Zymessence:
The New Breed of Systemic Enzyme Blends
By: William
Wong ND, PhD, Member World Sports Medicine Hall of Fame
Those of you who know of my role in teaching
the applications of systemic enzymes these last 10 years know how I feel about
them:
"Systemic enzymes are the most important part
of maintaining a healthy body; of fighting the processes of both aging and disease;
and of undoing the planned obsolescence nature has built into our bodies to make
sure we don't stay on the planet for too very long.
Systemic enzymes are
the only nontoxic way of controlling inflammation of every type and from whatever
reason. More importantly, systemic enzymes are the only tools available in both
natural and allopathic (conventional) medicine for fighting fibrosis. (1, 2 etc.).

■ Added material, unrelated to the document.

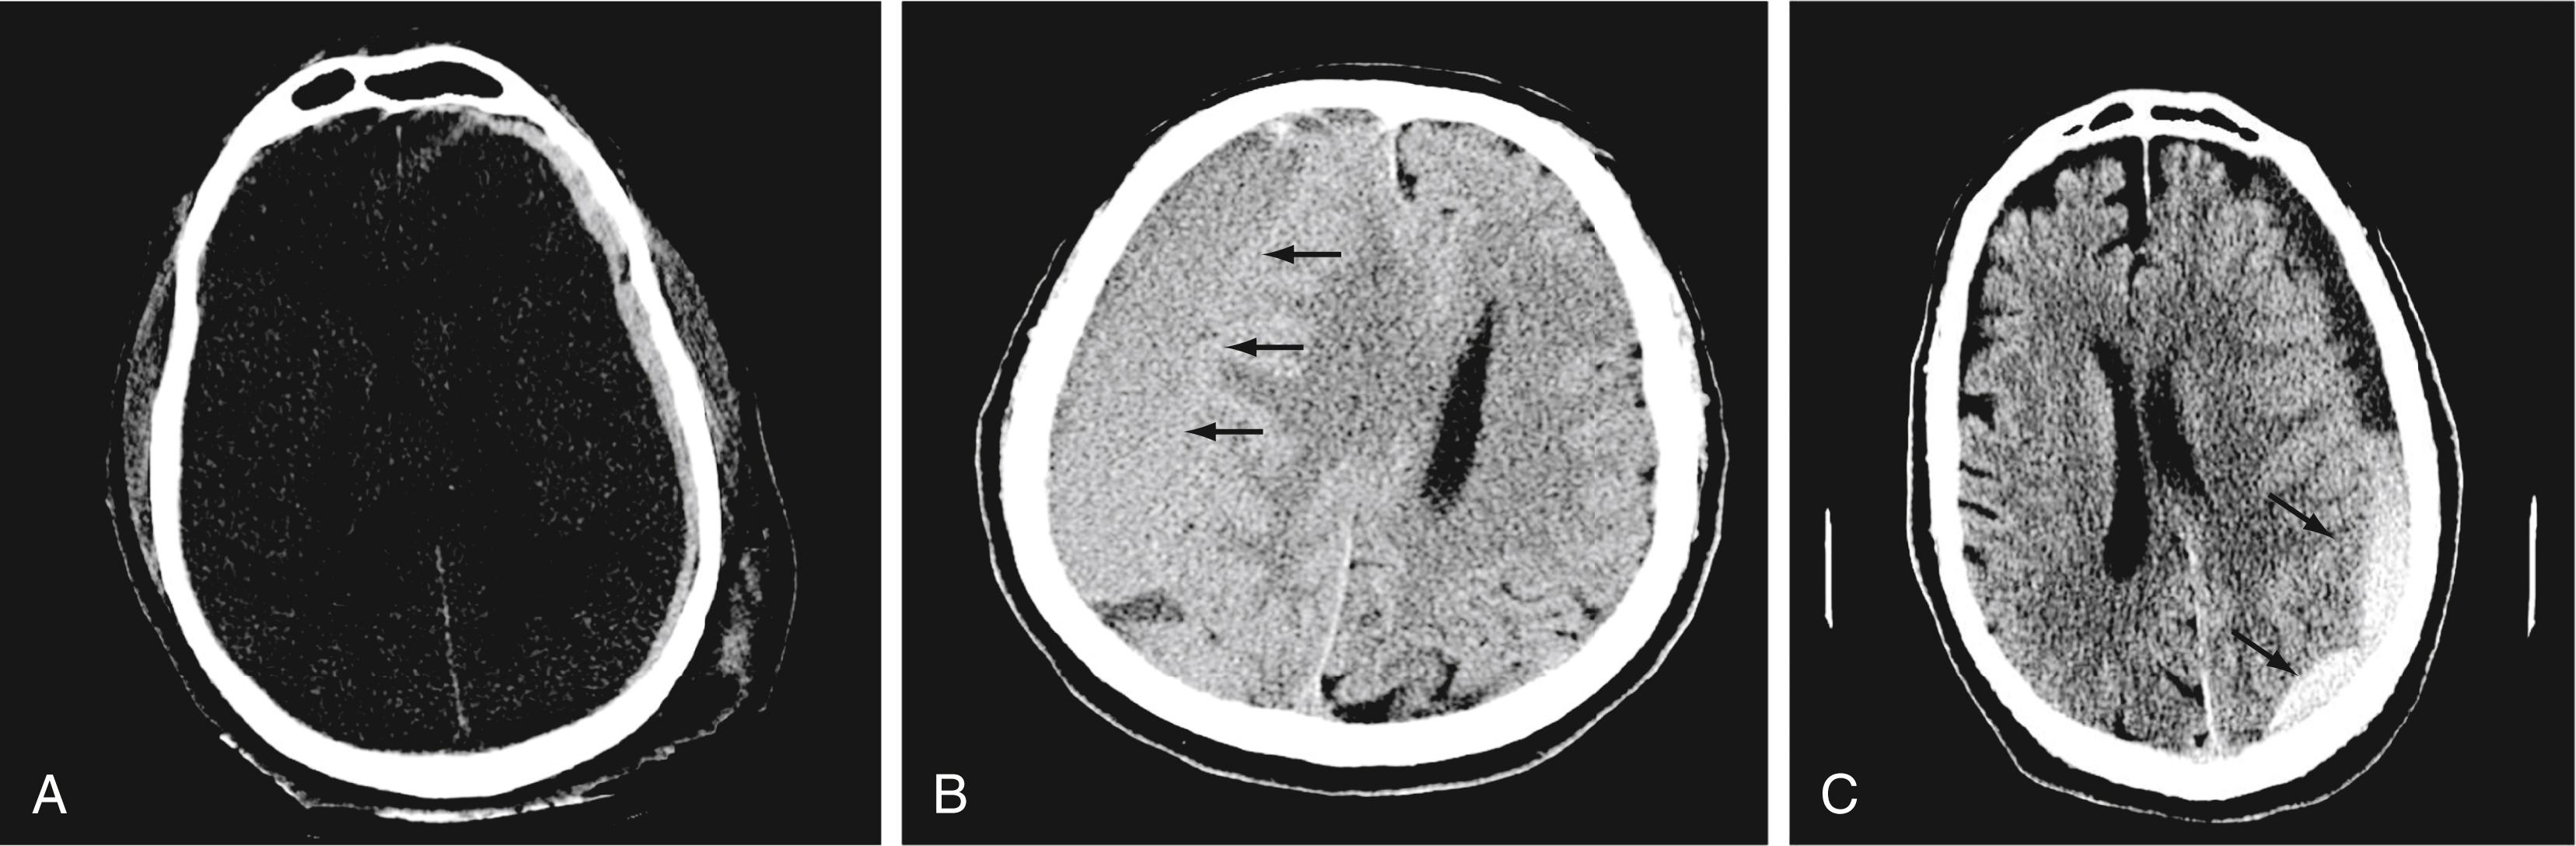 Figure 10.2, (A) Non–contrast-enhanced computed tomographic image of the head, showing a thin left acute subdural hematoma (SDH). (B) Right subacute, nearly isodense SDH (arrows). (C) Acute-on-chronic SDH over the left frontal and parietal lobes (arrows).

We have to remember that most all disease names end with one of two suffixes,
either the "itis" denoting an inflammation or an "osis" denoting
a fibrosis condition. Most of what winds up killing man is either an inflammation
(itis), such as heart and vascular disease, diabetes, cancer, trauma, Alzheimer's
or a fibrosis (osis) related event such as a clot caused stroke or heart attack;
fibrosis of the kidney, liver or heart valves; age related shrinking of the internal
organs; etc. (3) We also have to remember that of the two things that cause fibrosis,
inflammation is the #1 major thing that brings about the formation of fibrosis
and scar tissue. So control the one and you prevent the further formation of the
other."
My pilgrimage through the world of systemic
enzymes in learning and applying has been knowledge I've shared with anyone who
would listen to or read my work. Starting with the worlds first and most widely
known systemic enzyme product I became a "true believer" traveling to
Germany, learning of systemic enzymes with the enzyme makers there and helping
docs and patients Stateside in applying the work that had been researched and
proven in German medicine. With almost 200 peer-reviewed studies to prove absorption
and therapeutic action, systemic enzymes are an accepted pharmaceutical in most
of Europe and Asia (www.enzymescience.com).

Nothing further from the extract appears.